We don’t care about the cookies anymore, because if another application needs the cookies, they simply authenticate again and the extension will give them back with the response. The SSO is performed by injecting the token into the request, not by keeping cookies. All in all, it will be the same session anyway.
A few things that don’t work well yet
There are a few things that need to be fixed:
- better handling of required actions: Keycloak has some required actions that, when called from their internal clients like the Account console, seems to create a reauthentication flow that don’t play ball well with our interception of the authentication url. It works perfectly now, but the required action is performed inside the SSO Extension, not on the browser. We’d like to get this done on the browser, but there’s a conflict with cookies that we can’t seem to solve.
- SAML, as pointed above,
- the implementation of some security checks during the authentication, the same way that Keycloak does when using their CookieAuthenticator. This will be done soon, but until then, if your Keycloak instance makes use of ACR/LoA, this authenticator might not comply with your authentication rules.
Conclusion
We believe that this implementation might be helpful for a lot of people that want either to try Platform SSO or to provide Platform SSO without having to rely on one of the big IdPs. Theoretically, with a few modifications and by using Token Exchange, , this solution can potentially be used in a way where Keycloak becomes a broker between Macs and other IdPs, but this is not something we tested or implemented.
It would be very nice if other developers could join our efforts, especially when it comes to the SSO Extension and its processing of SAML flows.

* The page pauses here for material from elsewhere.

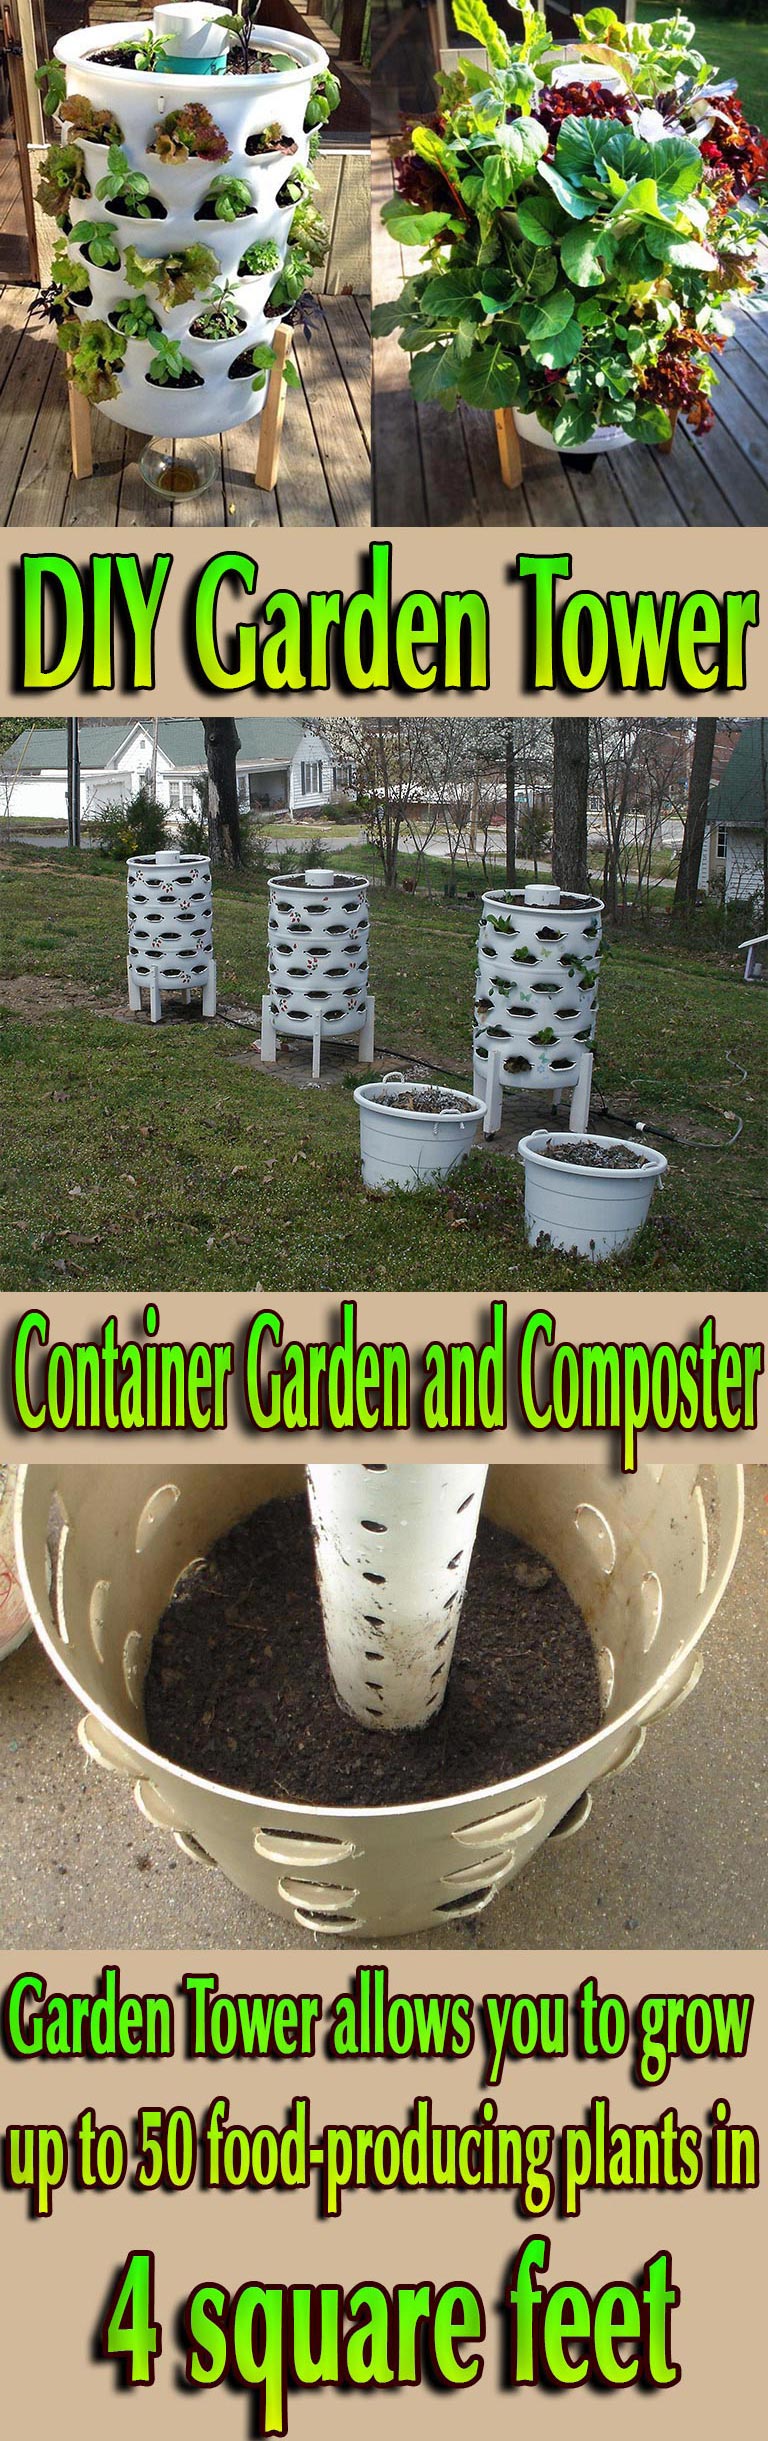 Container Garden and Composter
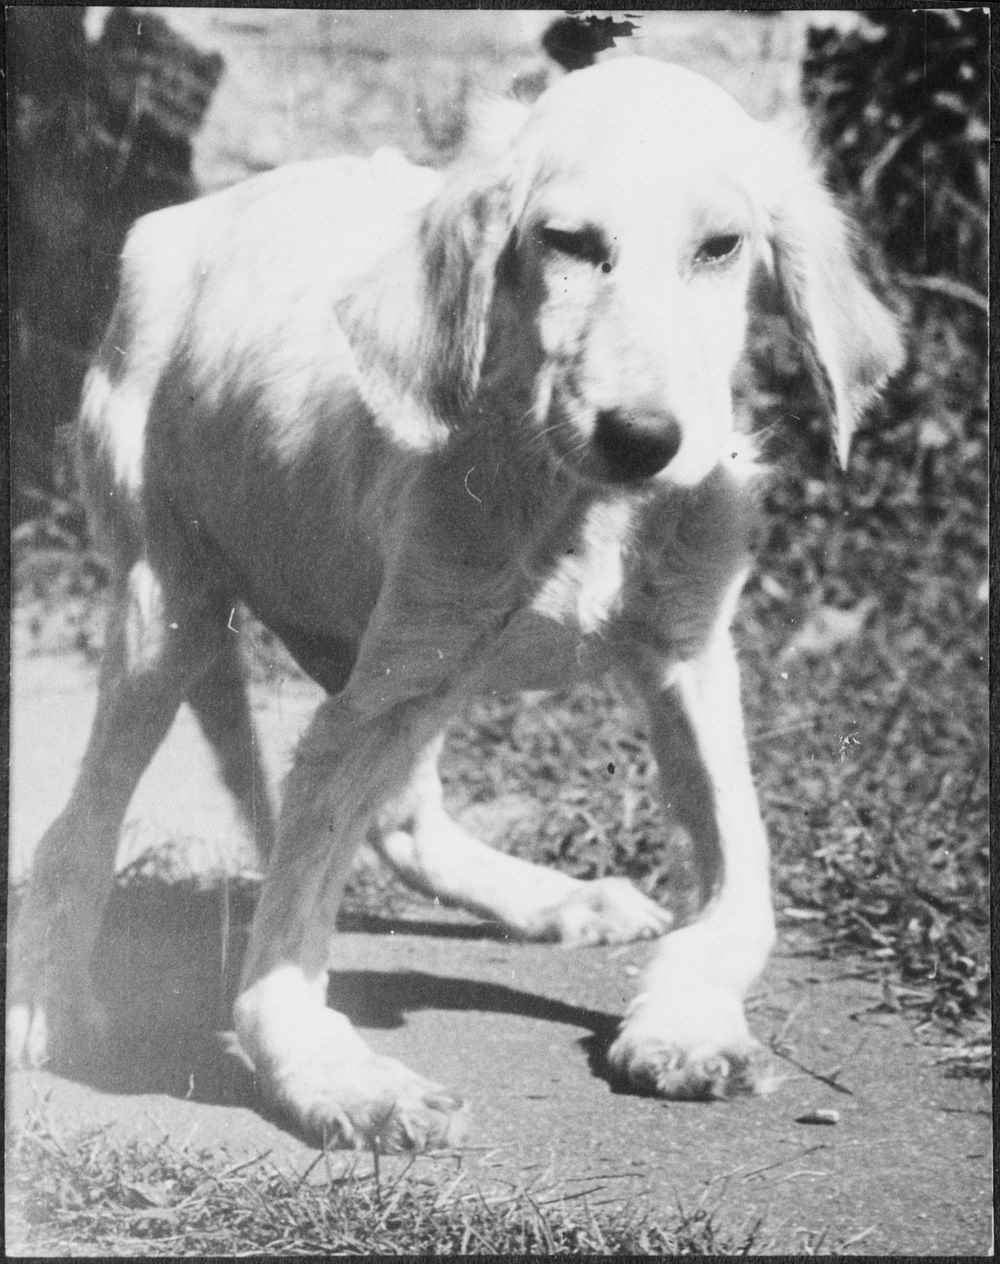 Dog with rickets. U.S. National Agricultural Research Center. Sourced from the Library of Congress.

If you can and want to help, send PR’s our way or drop as a line on the #Keycloak channel at the MacAdmins Slack .
Finally, I just wish Apple could be a bit more explicit on how they believe this extension should be used:
- After a token expiration, should we renew automatically for the user (after all, the
loginManagerhas a method for that, or should the user authenticate manually? - How should we handle SAML flows?
- Why no refreshing of tokens for Secure Enclave flows?
I think there’s a lot that could be accomplished here if some of Apple’s intentions were known. But i must admit that, after implementing this extension, a lot of the documentation makes more sense - in the beginning, it felt insufficient, but I guess that’s mostly because there are no examples or design patterns shown anywhere, except by those examples from Twocanoes.
Acknowledgments
We are very grateful to the work of Timothy Perfitt and Joel Rennich, who across presentations and articles made this subject a bit clearer to a lot of people, myself included.
I am also grateful to my colleagues Gaute and Thomas, who encouraged me to write this, and who came with good ideas and feedback along the way.